The nurse changes their personal password for the EMR more frequently than required. The nurse reviews only the medical records of assigned clients during their shift. The system administration department monitors all medical records accessed by staff members Rationale: Practices that support EMR security include frequently changing passwords (using a combination of letters, numbers and symbols) and not sharing passwords with others. The information technology department typically monitors all access to an EMR and tracks unauthorized log-ins. The nurse should only review medical records for their assigned clients. Best practice is to sign or log off when leaving the computer screen and not rely on an automatic timeout because this can leave the system temporarily open for others to view/access confidential client information.

A nurse is providing care to a client post-hemorrhagic stroke. The client has history of hypertension, diabetes, and bipolar disorder. Which event would prompt the nurse to request an interdisciplinary conference? The nurse receives duplicate prescriptions from healthcare providers of different specialties. The client refuses to participate in physical therapy sessions. The client's family voices the inability to care for the client after discharge. The nurse notes multiple medications on the client's electronic medical record.

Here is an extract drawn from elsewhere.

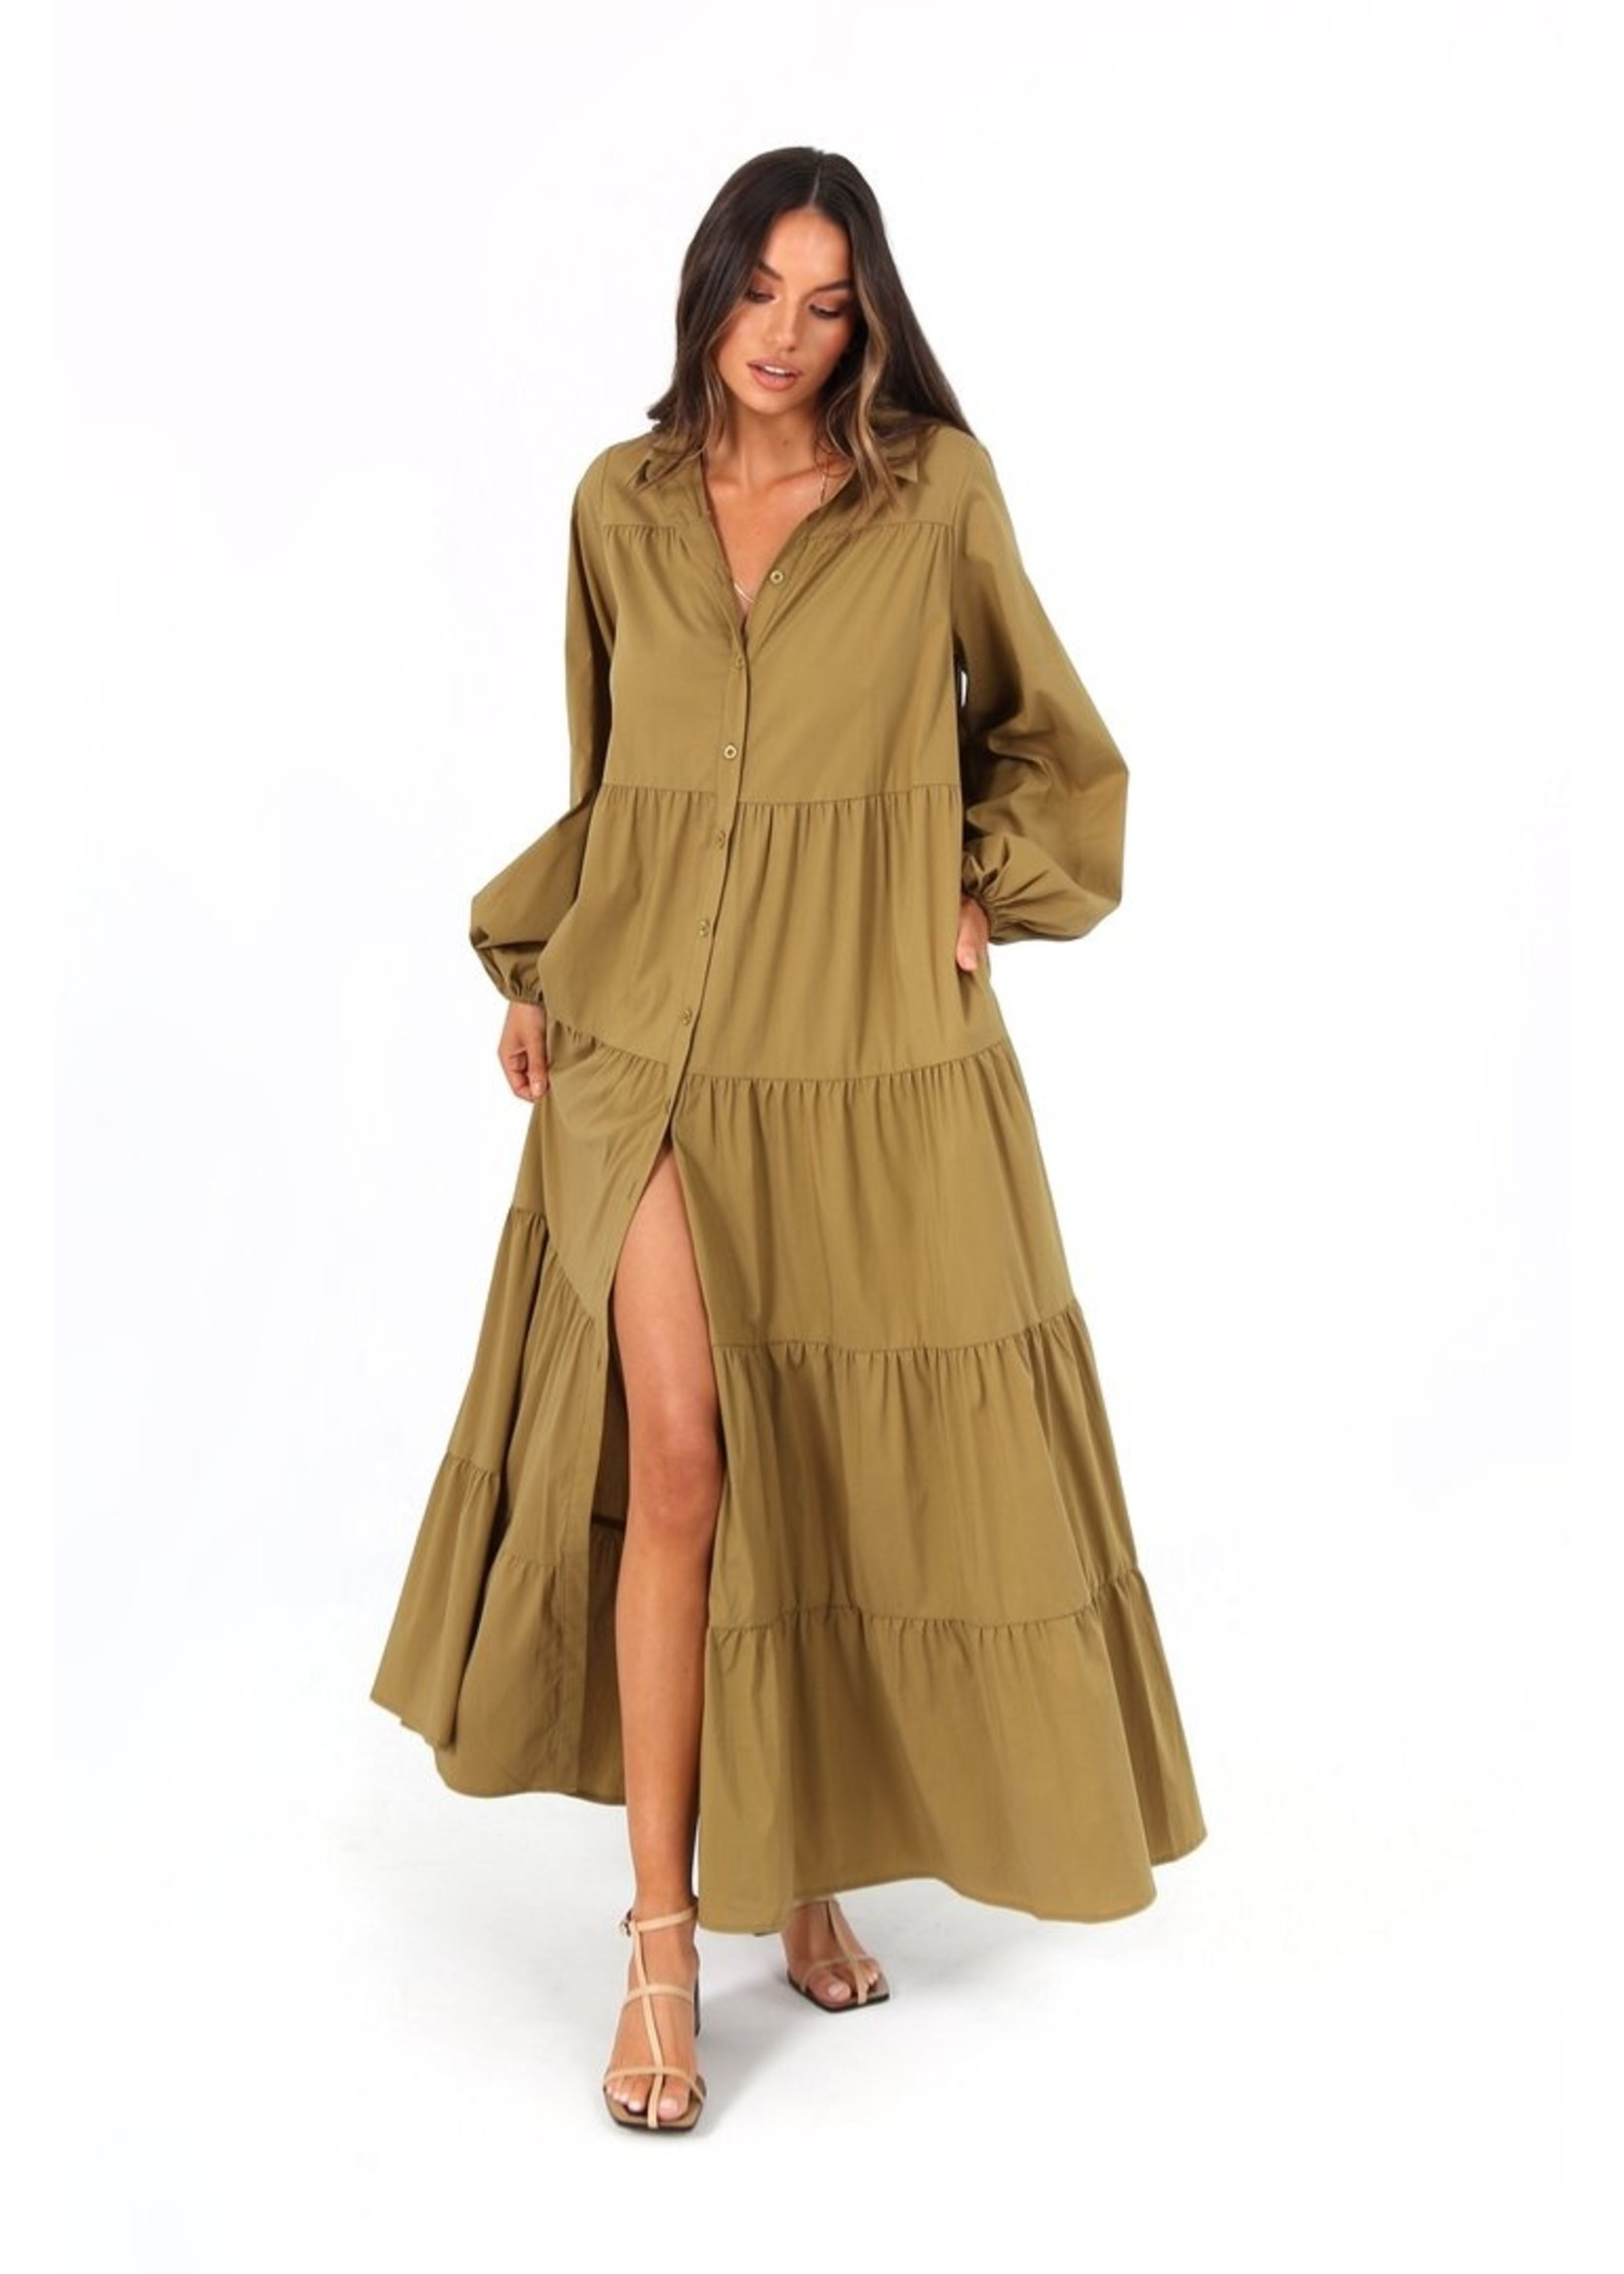 Madison the Label Lexi Maxi Dress

The nurse receives duplicate prescriptions from healthcare providers of different specialties. Rationale: A client with complex medical conditions may receive treatment from different healthcare providers and specialties. The nurse requests an interdisciplinary conference to prevent an overlap of medical treatment. A client who refuses physical therapy sessions would benefit from education regarding the benefits of mobility. Discharge planning can be referred to case management or social work. Multiple medications are expected for a client with several co-morbidities.

The nurse observes another nurse walking away from their computer with a client's electronic medical record (EMR) still visible on the screen. What should the nurse do first? Complete an incident report about the potential client privacy violation. Notify the nurse manager of the incident. Speak with the nurse about always closing the EMR. Walk over to the computer and close the client's medical record.

Walk over to the computer and close the client's medical record. Rationale: All of the nurse's actions are appropriate, but in order to prevent unauthorized personnel from seeing any of the client's protected health information, the nurse should first close the client's EMR, which is still visible on the screen.